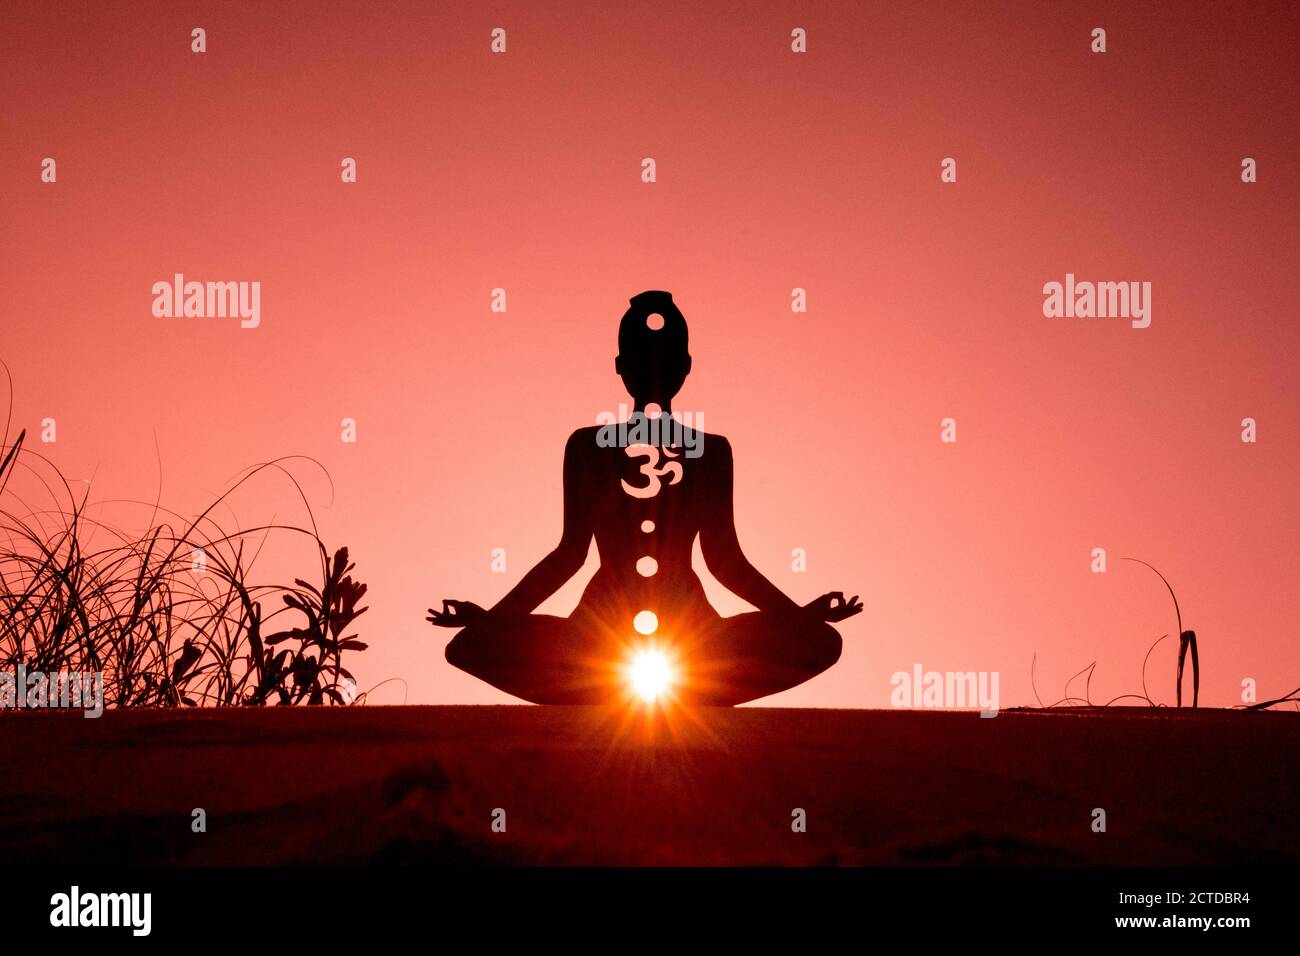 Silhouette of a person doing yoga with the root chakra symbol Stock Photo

* * *

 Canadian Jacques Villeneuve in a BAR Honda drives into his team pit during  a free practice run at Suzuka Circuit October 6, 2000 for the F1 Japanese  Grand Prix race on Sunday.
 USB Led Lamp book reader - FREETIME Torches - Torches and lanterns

• [WORK INSTRUCTIONS]:
Above are records; repeat only the lines starting at the line with "Canadian Jacques Villeneuve" and ending at the line with "USB Led Lamp", exactly as they appear, both included.

• [TASK ANSWER]:
 Canadian Jacques Villeneuve in a BAR Honda drives into his team pit during  a free practice run at Suzuka Circuit October 6, 2000 for the F1 Japanese  Grand Prix race on Sunday.
 USB Led Lamp book reader - FREETIME Torches - Torches and lanterns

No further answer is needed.